# Symmetry Groups

1. Sep 9, 2007

### americanforest

What does it mean to say to say that the electroweak interaction is described by a gauge field theory based on the $$SU(2)_{L}\times$$$$U(1)_Y$$ symmetry group?

I know that SU(2) is a group of unitary matrices and U(1) is the circle group but I don't really see what the sentence means. I haven't taken any quantum mechanics but an doing research on Higgs decays and would like to gain a bit more understanding.

Last edited: Sep 9, 2007
2. Sep 9, 2007

### americanforest

anybody?

3. Sep 15, 2007

### samalkhaiat

4. Sep 15, 2007

### mjsd

ok, if you just wanna understand what this statement means then:
the keyword in this sentence is gauge field theory.

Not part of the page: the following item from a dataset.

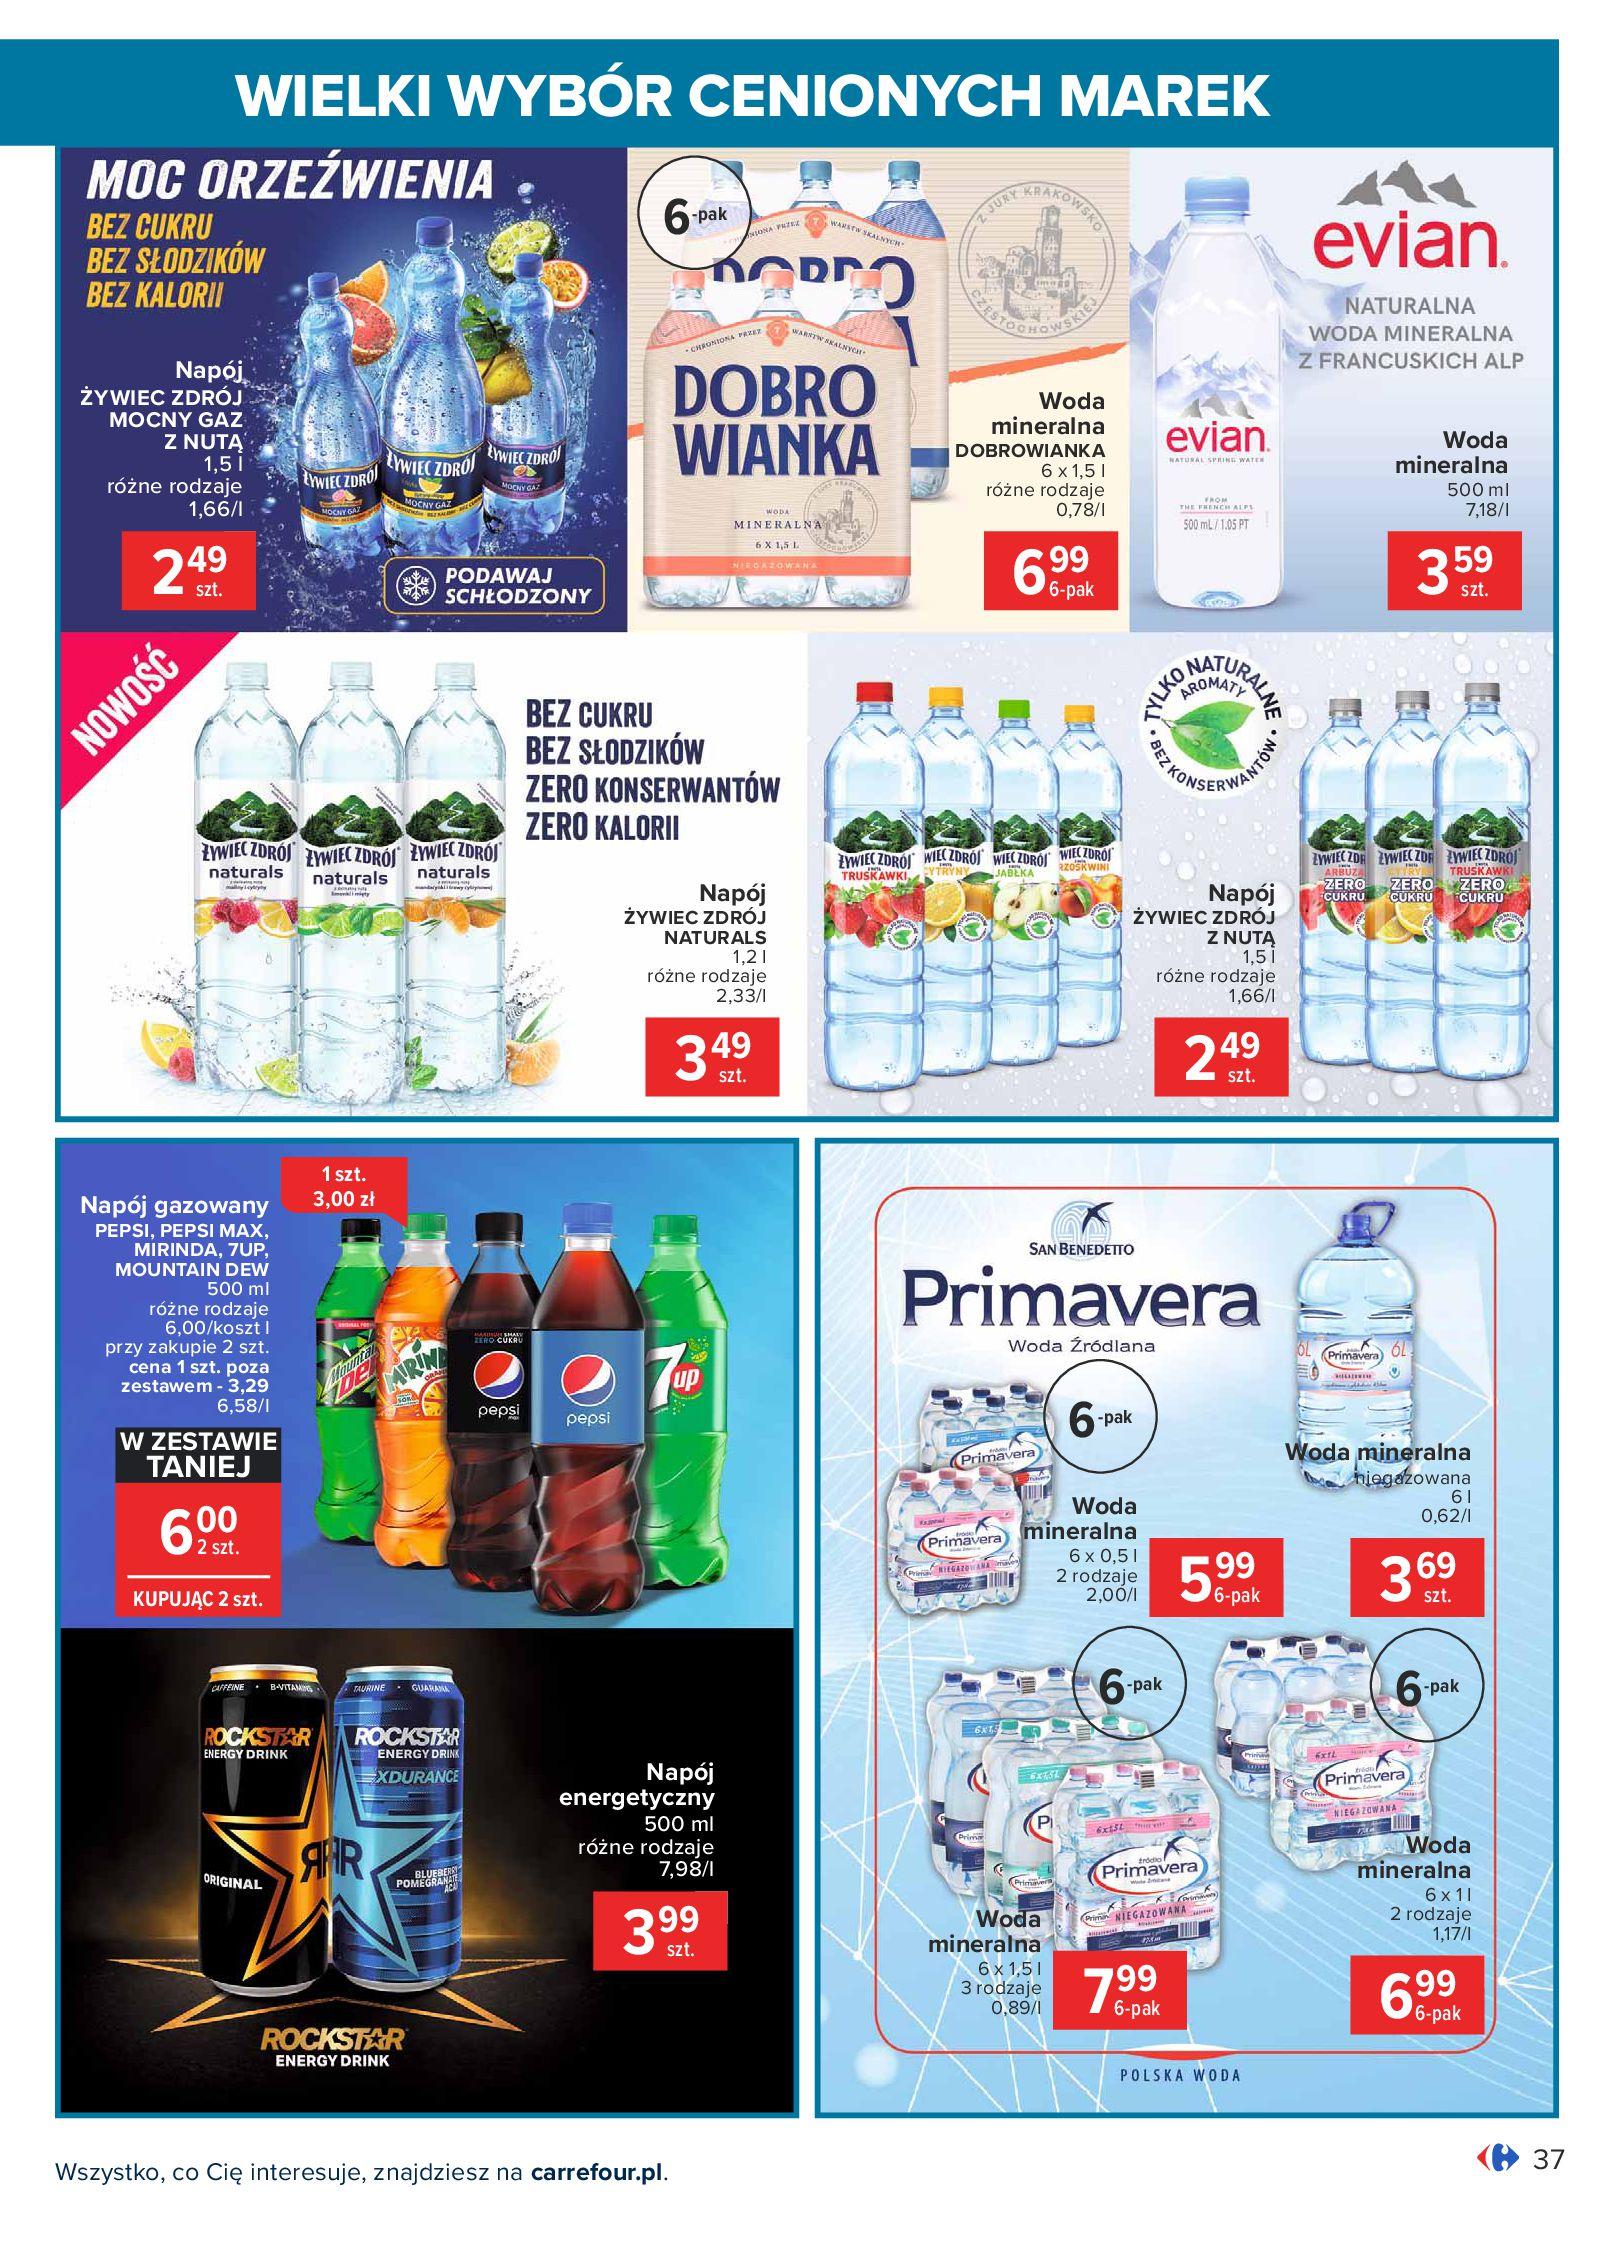 Gazetka Carrefour: Wielki wybór cenionych marek 2021-05-04 page-37

The group can be any (Lie) groups really, but gauge invariance means a lot. Suppose you have a group transformation operator, $$U(\vec \alpha) = \exp (i \vec \alpha \cdot \vec g)$$ where
$$\vec g = (g_1, g_2, \ldots, g_n)$$ and the $$g_i$$ is a generator of the group G. here $$\vec \alpha = (\alpha_1, \alpha_2, \ldots, \alpha_n)$$ is just a list of parameters. now if a transformation under $$U(\vec \alpha)$$, say
$$\psi'(x)=U(\vec \alpha) \psi(x)$$ leave your overall Lagrangian (say a Dirac Lagrangian) invariance, then we say the Lagrangian is invariant under a global phase transformation. Now what is this Lagrangian, it is unimportant for someone who do not know Quantum Mechanics. But what is important is that suppose you have some Lagrangian which is made up of some combinations of the $$\psi(x)$$ field and its conjugate put together in such a way that when you apply $$U(\vec \alpha)$$ to them the overall Lagrangian won't change (of course this needs not happen, but let's assume it does).

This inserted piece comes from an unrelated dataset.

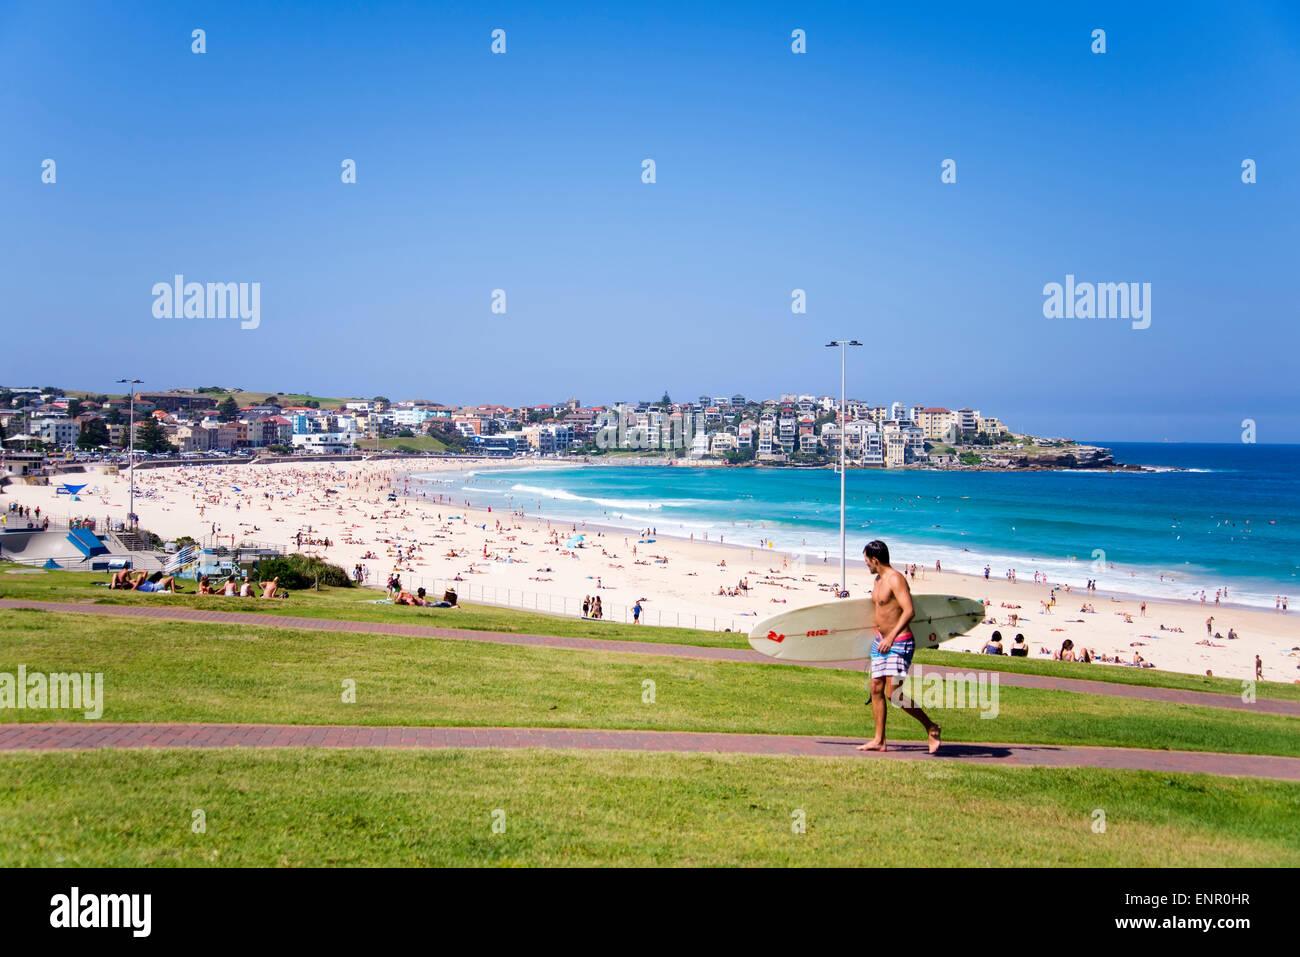 Persone non identificate a Bondi Beach, Australia. Immagini Stock

now we can go further and ask whether each $$\alpha_i$$ are just numbers or can they be dependent on x (the position coordinate) as well? In general, you will find that the Lagrangian under such transformation as $$U(\vec \alpha(x))$$, do change and in order to keep it invariant, you need to introduce a gauge field and the associated gauge transformation of this field. So everytime when apply $$U(\vec \alpha(x))$$ to $$\psi(x)$$, you also apply this gauge tranformation to your gauge field. Now if the overall Lagrangian remains unchanged after these series of tranformations (local gauge transformation), then we say it is gauge invariance. (ok... that's all you really need to know, without seeing the maths)

Now, the obvious by-product of the above process is the introduction of the gauge field which turns out to be, in the SU(2)xU(1) case, corresponding to the electroweak force. So, to answer your question as to what that initial statment means, it is nothing but saying that the gauge field associated with the SU(2)xU(1) group (when you apply this symmetry it leaves the appropriate electroweak lagrangian invariant) turns out to be the electroweak force we observed in reality.

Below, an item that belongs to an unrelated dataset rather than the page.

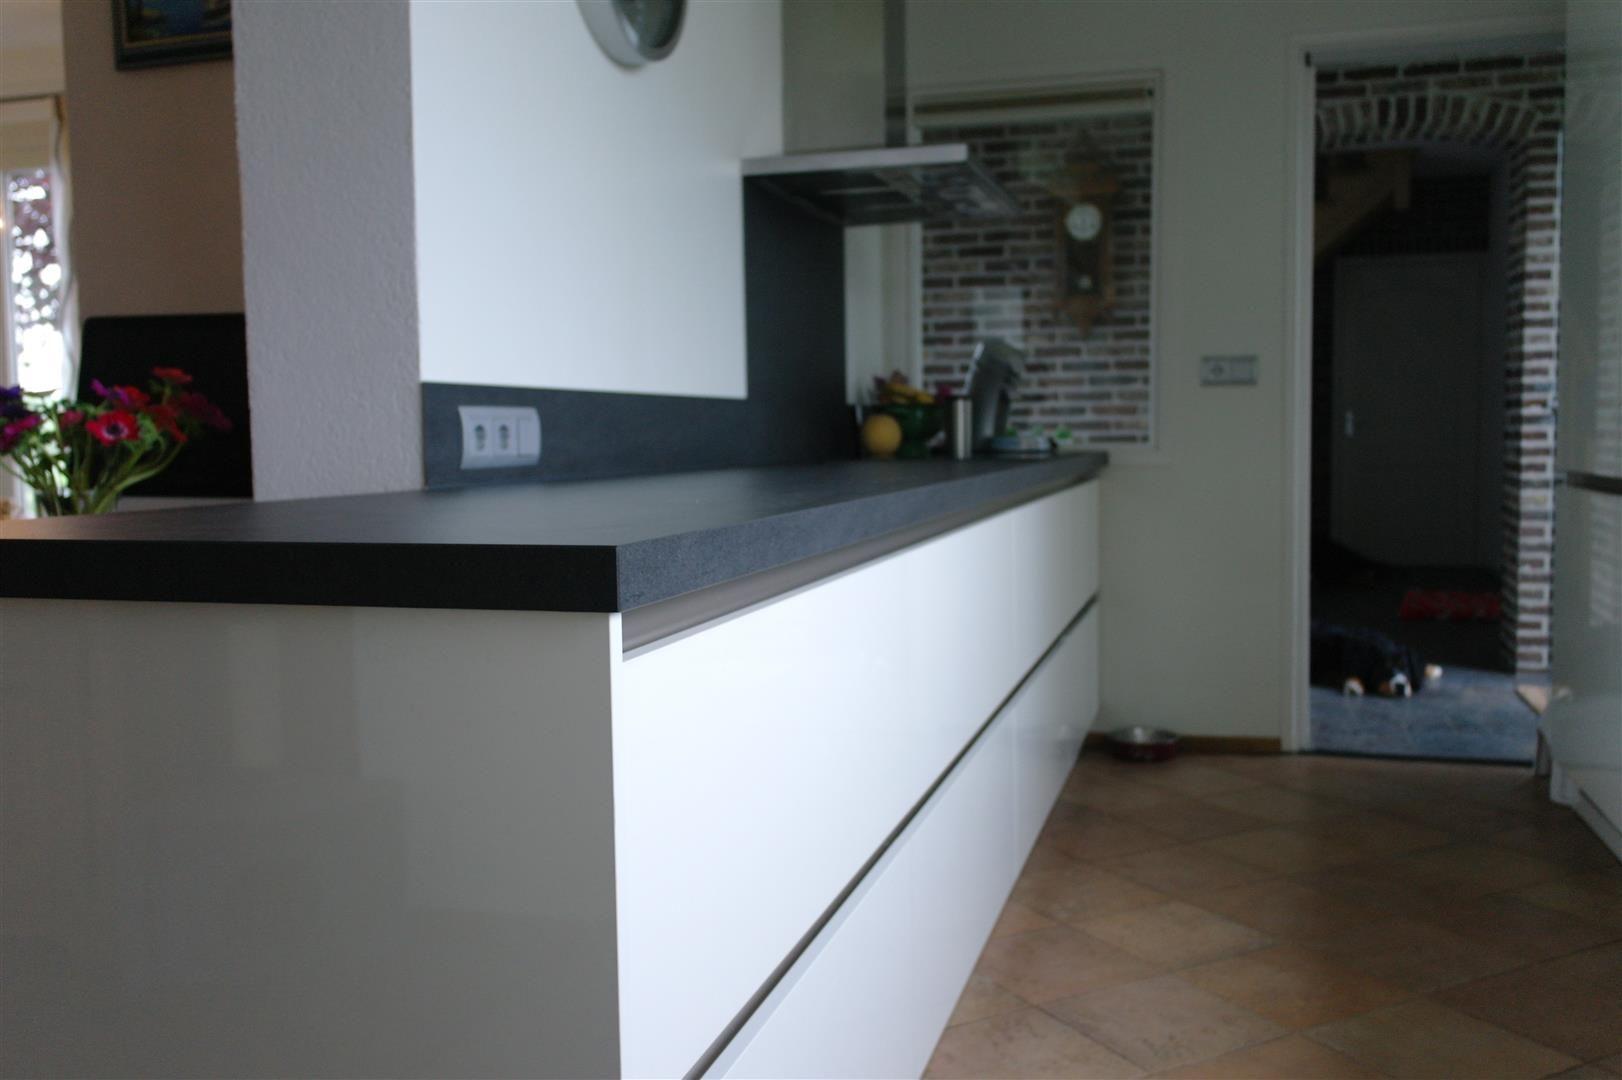 Home Ssk Keukenstudio Kapelle Uw Keukenspeciaalzaak Keuken Modern Design Design

people are motivated to look at this because for quantum electrodynamics (QED), the group is $$U(1)_Q$$ where Q means charge. And it is known for a while that local gauge invariance is exactly how to explain electromagnetic interactions. Electroweak and SU(2)xU(1) is a great triumph for physics and symmetry.

NB: the generators for $$SU(2)_L\times U(1)_Y$$ (for electroweak) are the pauli spin matrices and hypercharge Y (whatever that means.. but the key point is that it is different from Q)

.